Dr Roselynn Musa is a feminist, women’s advocate and the In-Region Gender Advisor/Gender, Women and Democracy (GWD) at the National Democratic Institute for International Affairs (NDI). In this conversation with Kingsley Alumona, she speaks about her advocacy work in Africa, women’s socio-political issues, among others.
Your work revolves around gender, power, and socio-political relations in African society. What academic qualifications prepared you for these complex endeavours?
Thank you for this important question. Interestingly, you qualified them as complex endeavours. I could not agree with you more. Gender-power relations are indeed perceived as complex, but in reality persistent patterns of inequalities in gender-power should not be complicated. This is because one of the most persistent patterns in the distribution of power is unequal between women and men, with males usually having a superior advantage over females. Emphasis on ‘usually’ because this is not an umbrella situation and to every rule there are exceptions. So we are advocating for equal opportunities for everyone to participate in leadership and decision-making.
The skewed general pattern that obtains at individual, community, and institutional levels shapes people’s opinions and dictates what is appropriate for women and men. This gas-lights people in their diversity — women and men, young, elderly, and so on, towards not what you feel is right for them, but what society expects of them.
For the qualifications that prepared me for my work, in addition to a PhD from Kenyatta University, Nairobi; a second degree from Lagos State University (LASU) in History and Diplomacy; and a Master’s degree in International Law and Diplomacy (MILD) from the University of Jos, a Management Course from Ghana Institute of Management and Public Adninistration (GIMPA), I have broadened my academic horizon with training courses in leadership, communication, gender mainstreaming, monitoring and evaluation, French language, and project management. My doctoral thesis was on women’s participation in elective politics.
How would you describe your method of feminist or gender advocacy?
My advocacy principles are person-centred and driven out of a passion for inclusion, empowerment, equal opportunity, fairness, and the need for everyone’s voice to be heard in decision-making. It is about an even playing field, softening the ground for everyone to participate, if they so wish. You would agree with me that everyone has a voice and an opinion, and it is important we all get an opportunity to project our voices. Not getting the opportunity to do so means stifling their voices and this can be disempowering and unhealthy.
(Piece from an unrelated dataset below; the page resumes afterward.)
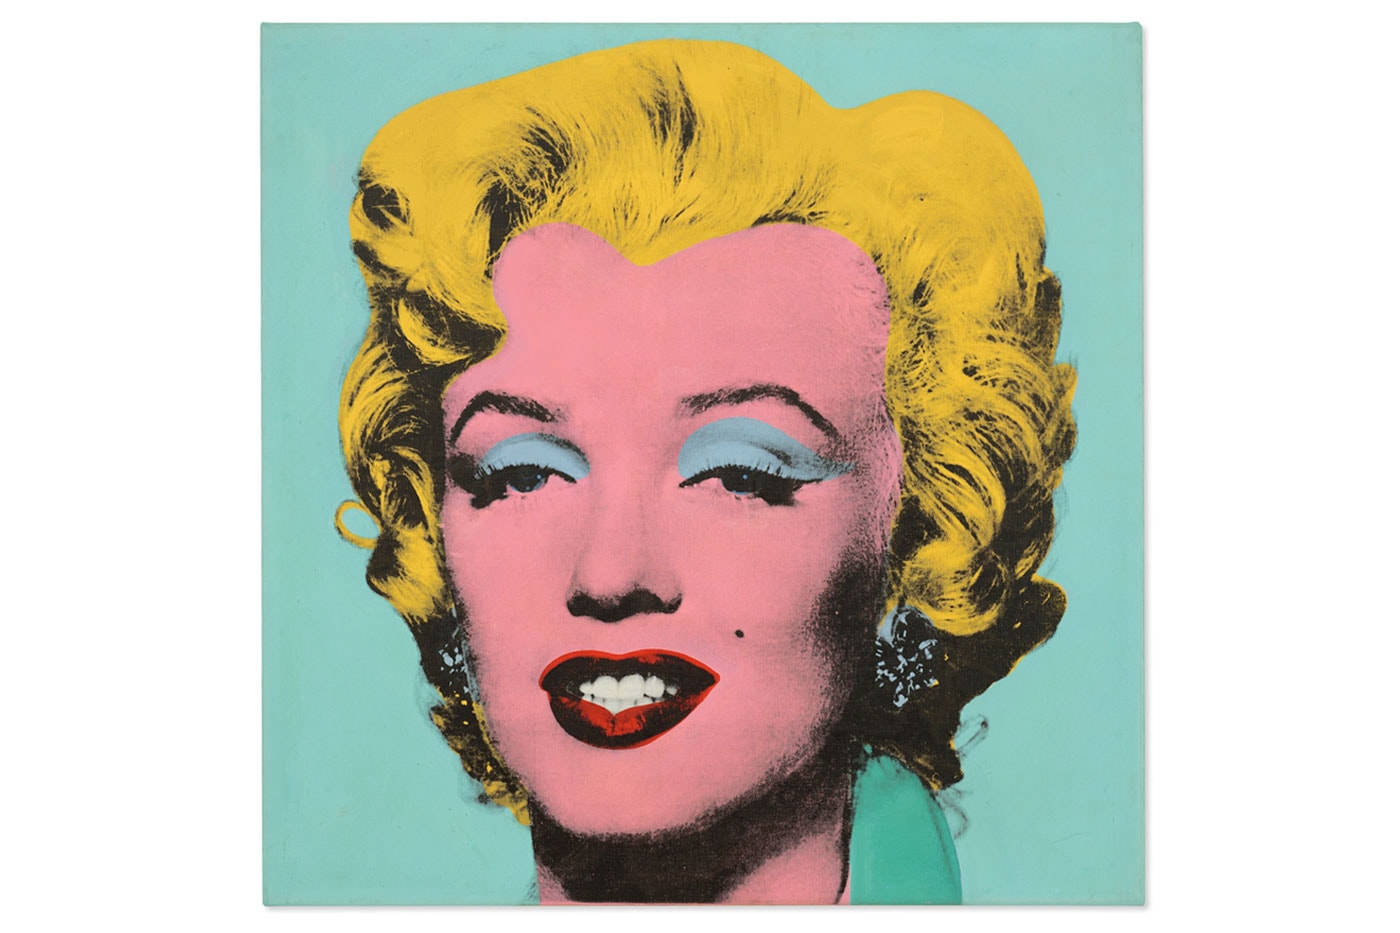 アンディ・ウォーホルの描いたマリリン・モンローの肖像画が史上最高の250億円超えで落札 Andy Warhol's Marilyn Monroe Painting Sold for Record-Breaking $195 Million USD Shot Sage Blue Marilyn christie's auction nyc silk screen contemporary 20th-century art
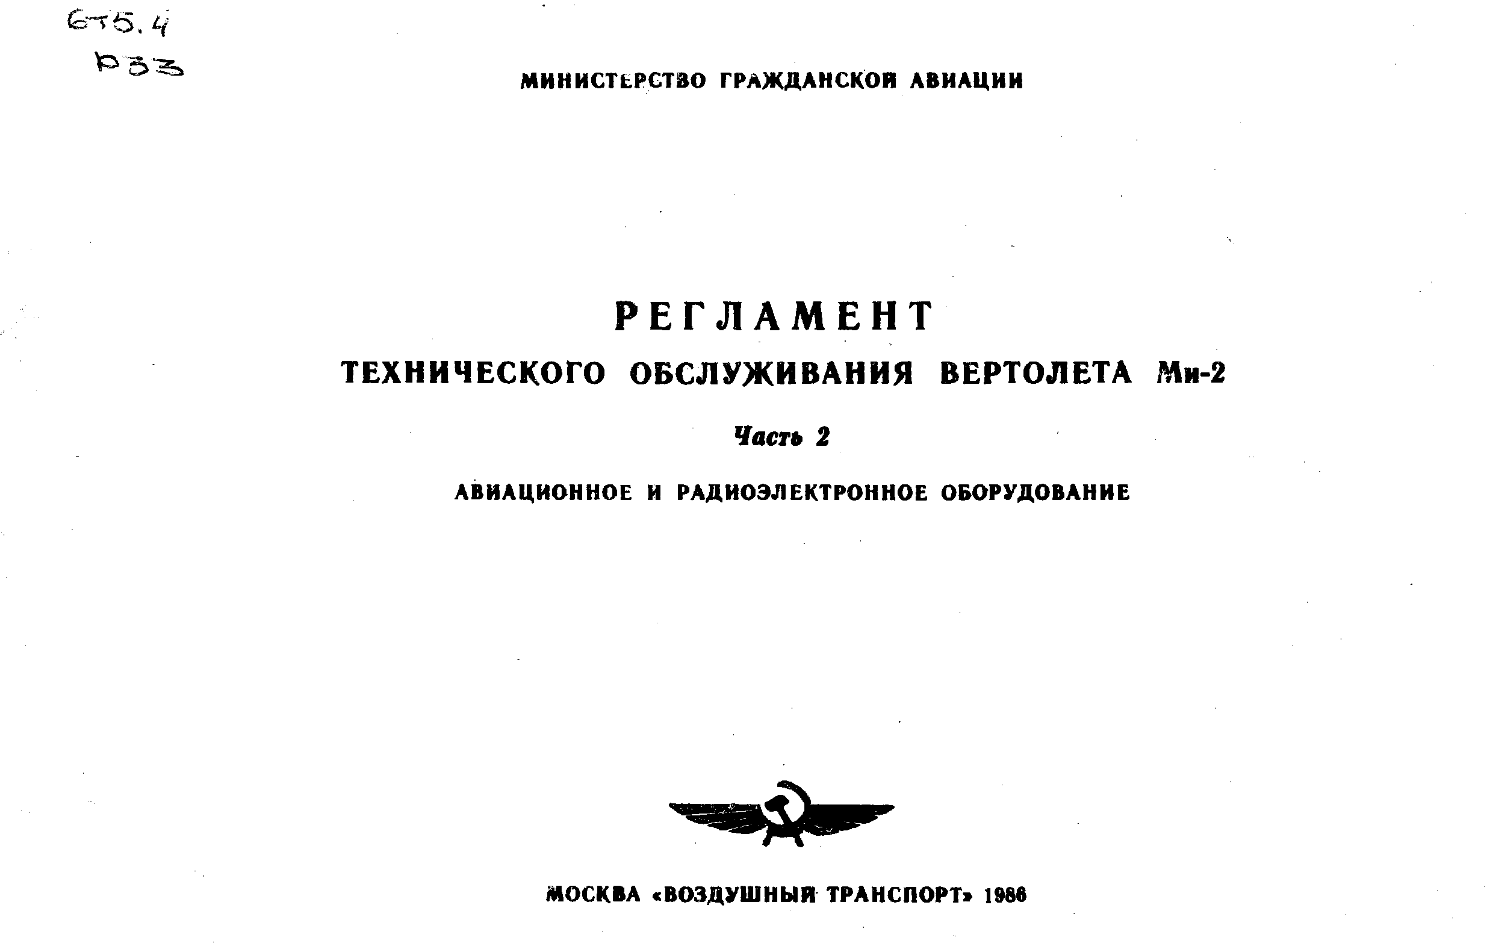 Ми-2. Регламент технического обслуживания вертолета МИ-2. Часть 2. Авиационное и радиоэлектронное оборудование. 1986

How chaotic and unfair would it be if the court system, for example, does not have procedures in place and just clamps suspects in jail without the opportunity of fair hearing?
In a 2017 article titled ‘Women, equality, and African human rights system’ published in Pambazuka News, you argued that African women still lack the protection of human rights. But, it is safe to say that the same local and international laws or human rights instruments that apply to men also apply to women. So, why are women, even in this era, still crying about marginalisation and discrimination?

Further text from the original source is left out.